● **WHAT IS BEING ASKED**
In the listing below, the answer starts at the line that has "Organic Waterproof Mattress Protector Pads" and stops after the line that has "Festival Nacional de Robótica 2017"; please repeat that part exactly and nothing more.

● **EXERCISE DATA**
--- START ---

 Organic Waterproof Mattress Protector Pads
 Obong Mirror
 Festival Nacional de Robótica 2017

--- END ---
--- START ---

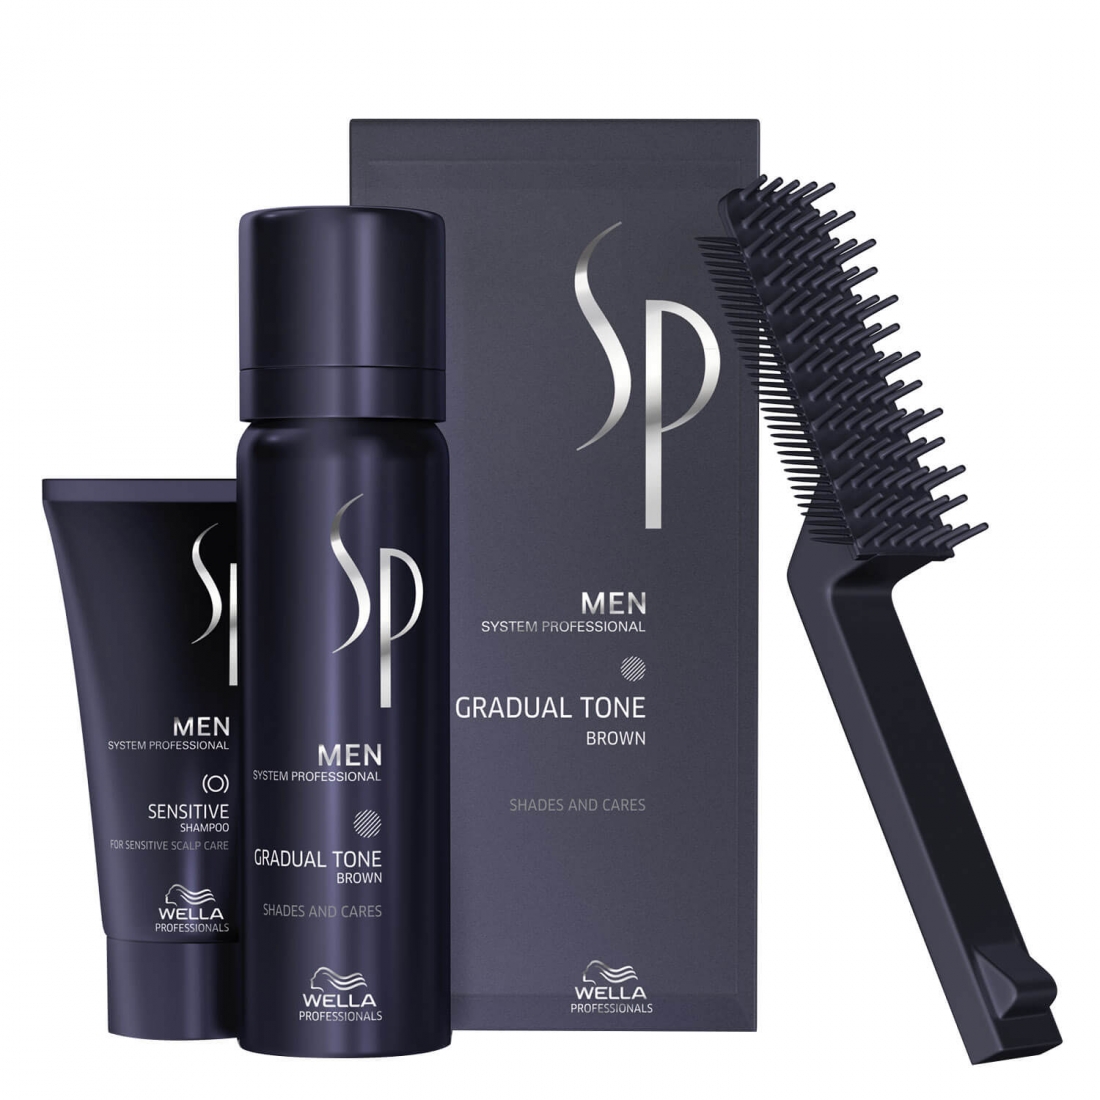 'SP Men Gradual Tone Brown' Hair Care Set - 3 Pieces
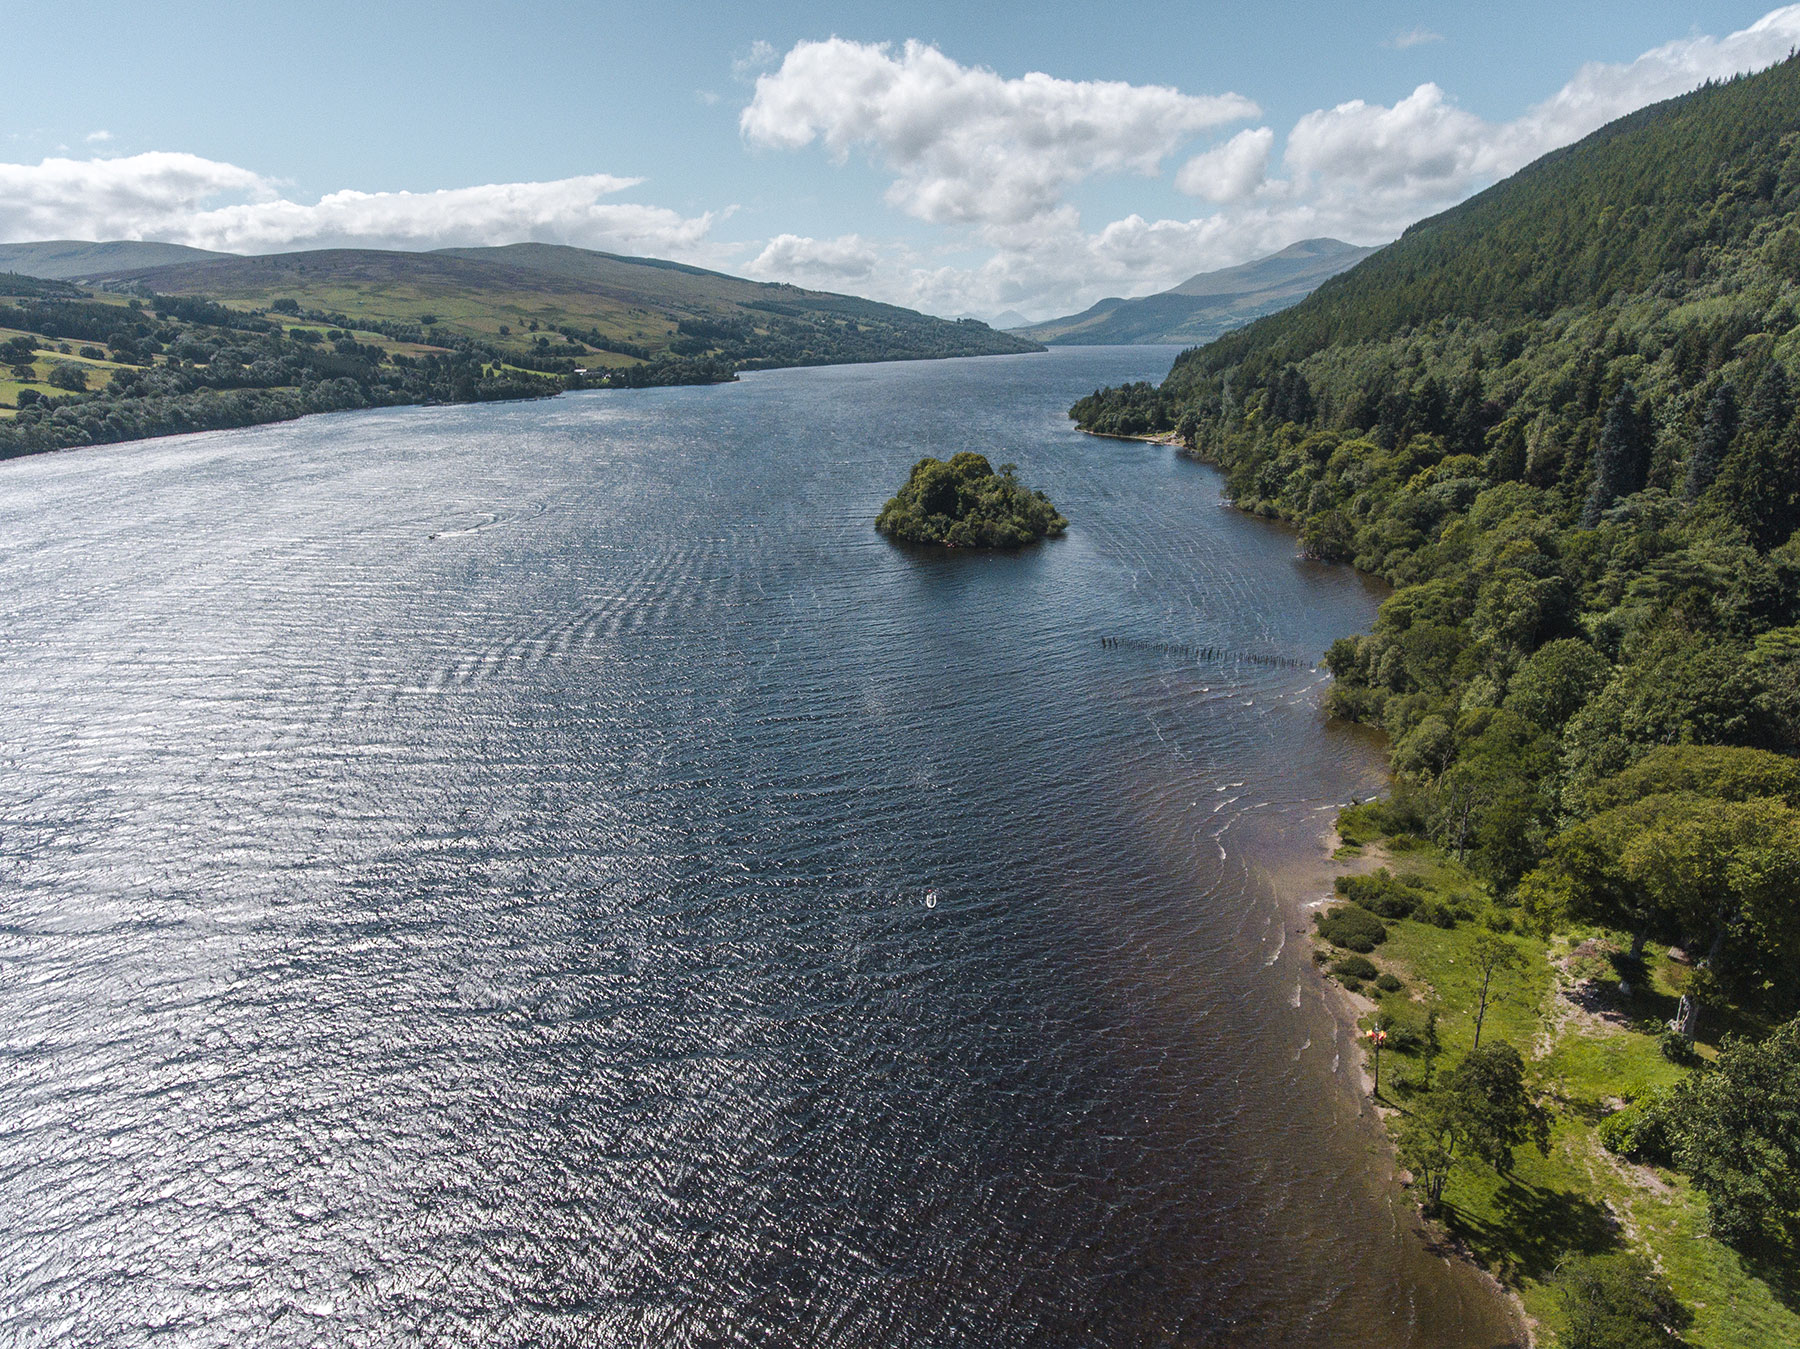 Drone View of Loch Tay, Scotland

--- END ---

● **ANSWER SECTION**
 Organic Waterproof Mattress Protector Pads
 Obong Mirror
 Festival Nacional de Robótica 2017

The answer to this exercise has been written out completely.